The party went on for a while, but at some point after midnight, Virgil found himself sitting on his motel bed, talking to Davenport, a night owl, who’d seen cuts from the press conference on the late news.
“Get that cleaned up as fast as you can-we’ve got some trouble down in Wabasha,” Davenport said.
“Somebody’s dead?”
“Well, since they only found the feet, they’re not sure. But, that’s what they suspect,” Davenport said.
“Ah, man, how old?”
“Six, eight weeks. The newest two, anyway,” Davenport said.
“The newest two?”
“Yeah, they found three feet. People down there are talking cannibals.”
“Ah, boy…”
Davenport said, “I can hear a shower running… so… I guess I’ll hang up now. But call me tomorrow, as soon as you’re clear of the Haden thing. You gotta get down to Wabasha.”
“All right… tomorrow, I’ll let you know.”

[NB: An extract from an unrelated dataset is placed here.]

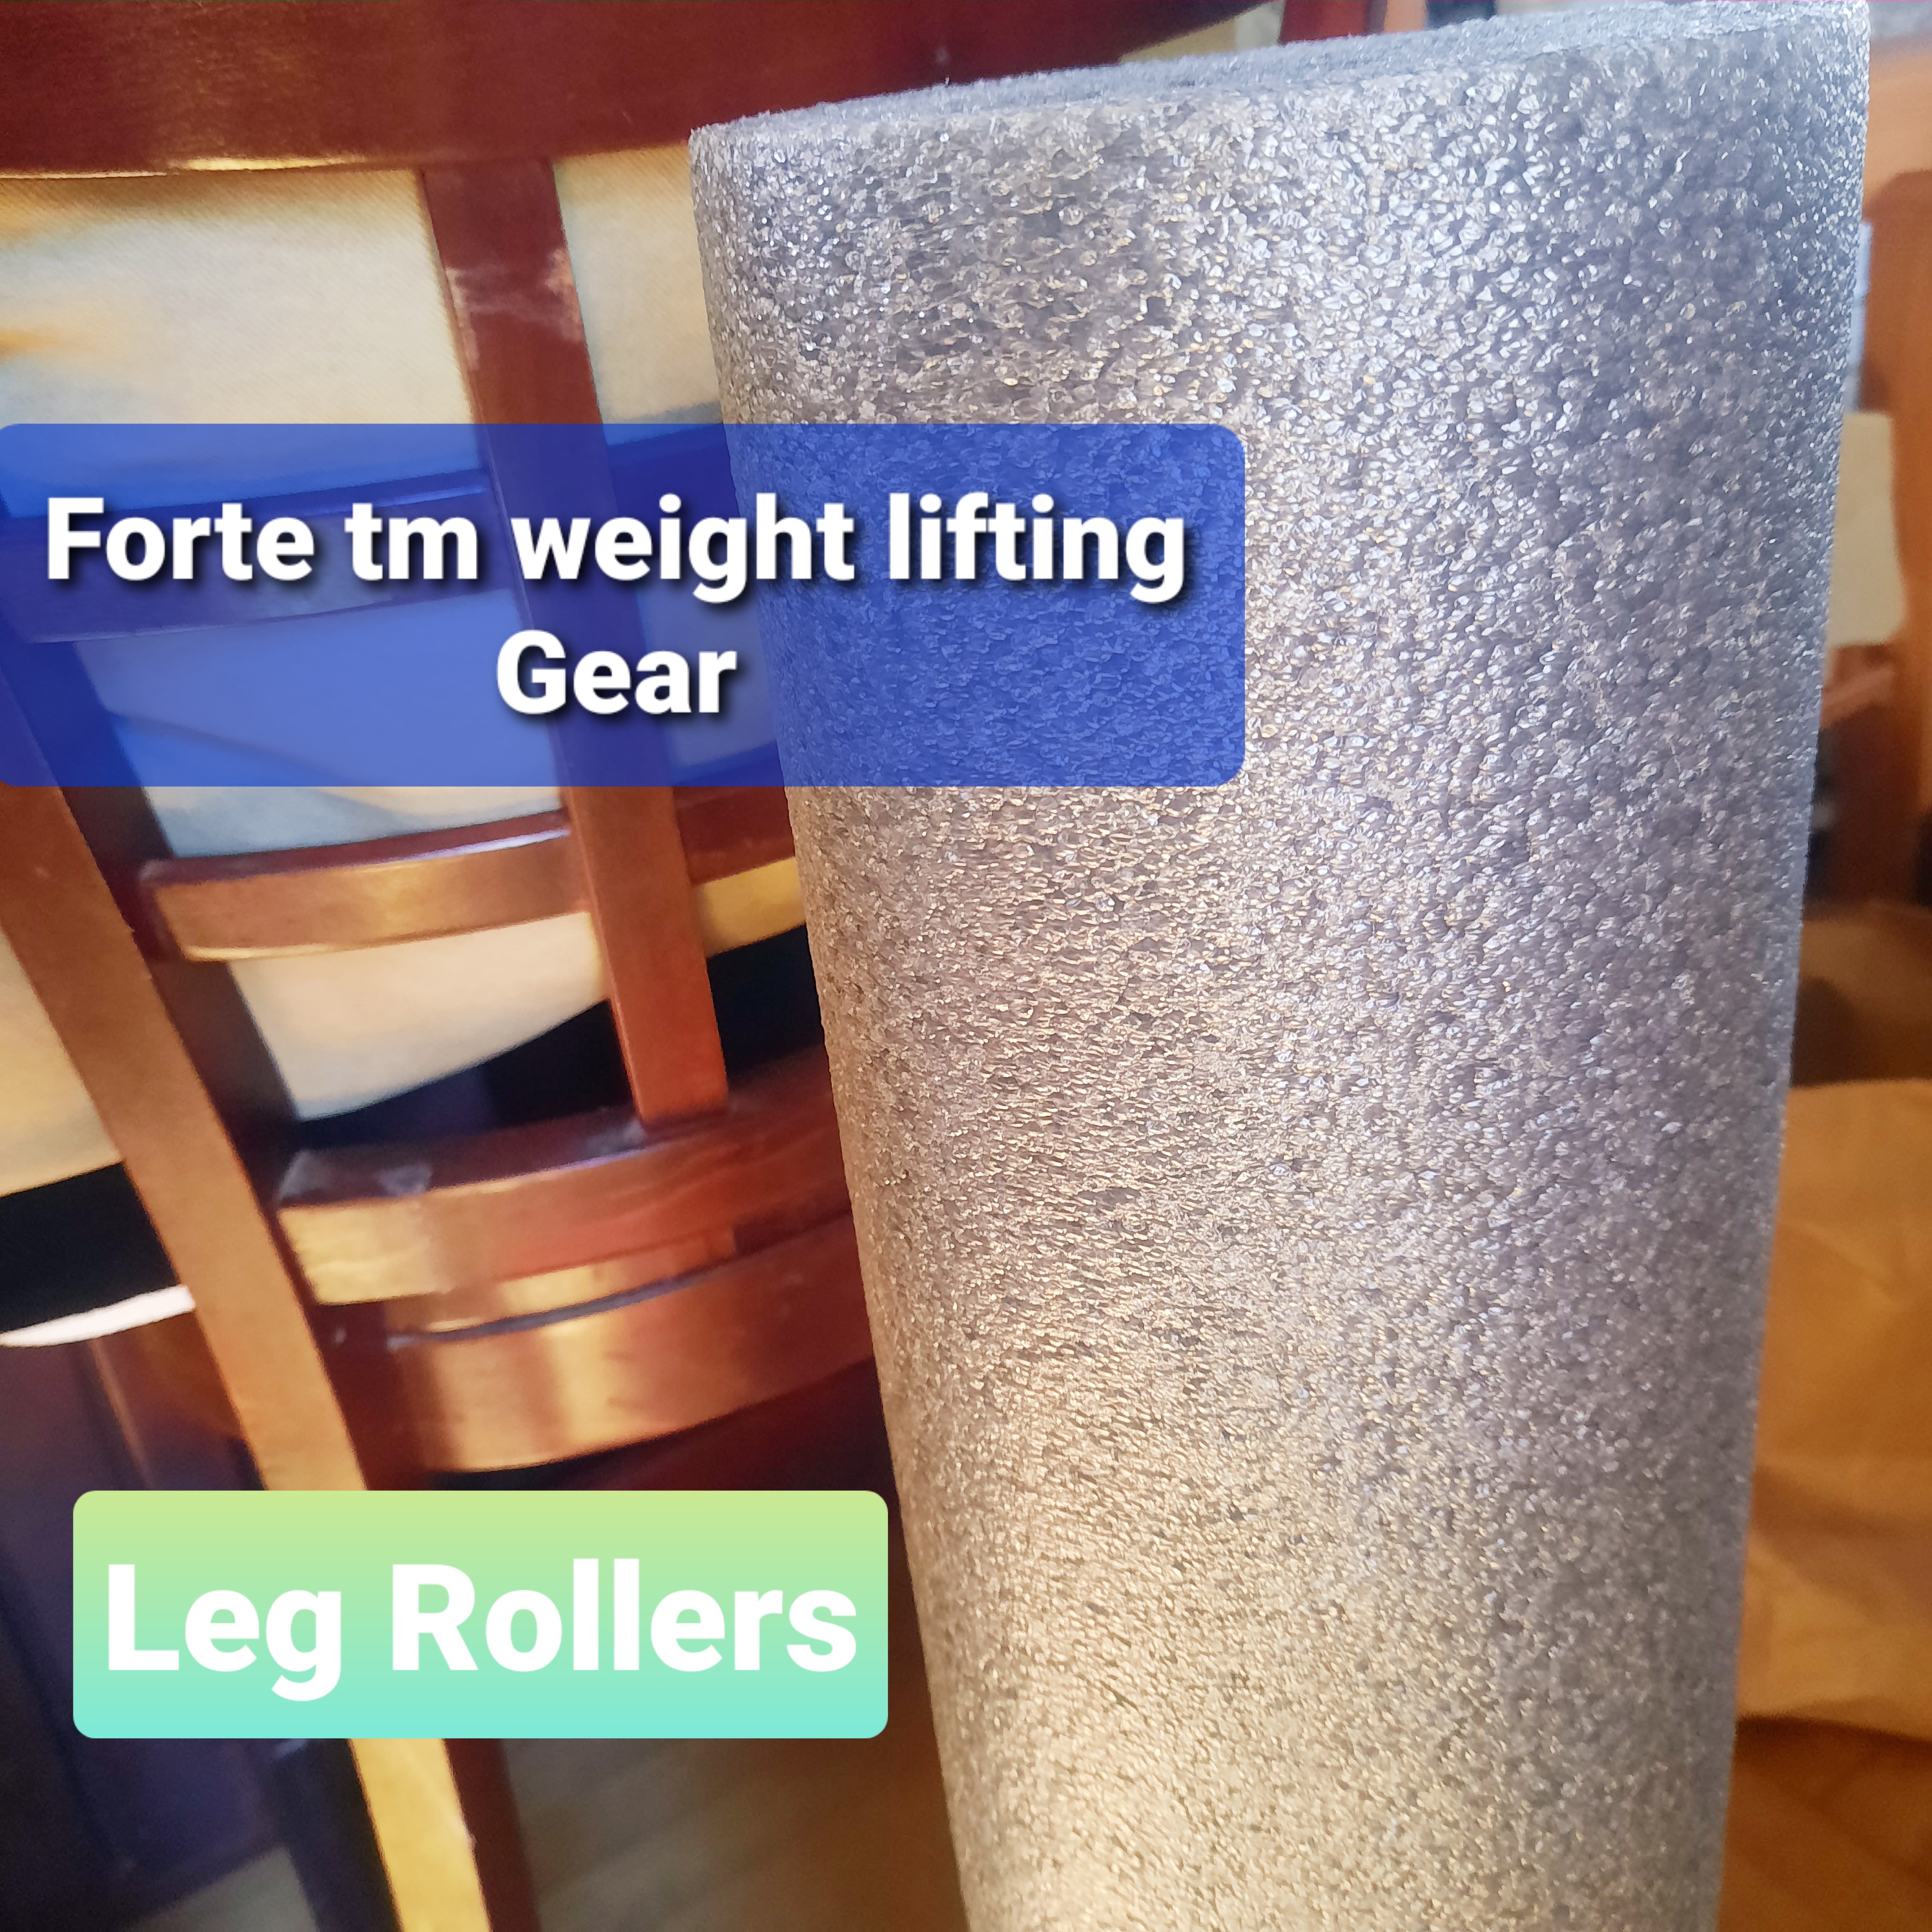 FORTE tm WEIGHT LIFTING GEAR LEG ROLLERS #,FORTE

Virgil sat on his bed, naked, a bottle of Leinie’s on the nightstand, a white towel over his thighs. Listened to the shower, and thought, So damn many good women in the world. Chapman and Gretchen the snake woman, Good Thunder and even O’Hara. Lee Coakley, for sure.
He sighed, and stood up, headed for the bathroom. The fact was, Davenport had called just as he was adjusting the temperature control. There was nobody else in the shower.
Nobody but Virgil, a little drunk, looking up at a showerhead at the Holiday Inn, on a starry night in beautiful downtown Butternut Falls, Minnesota.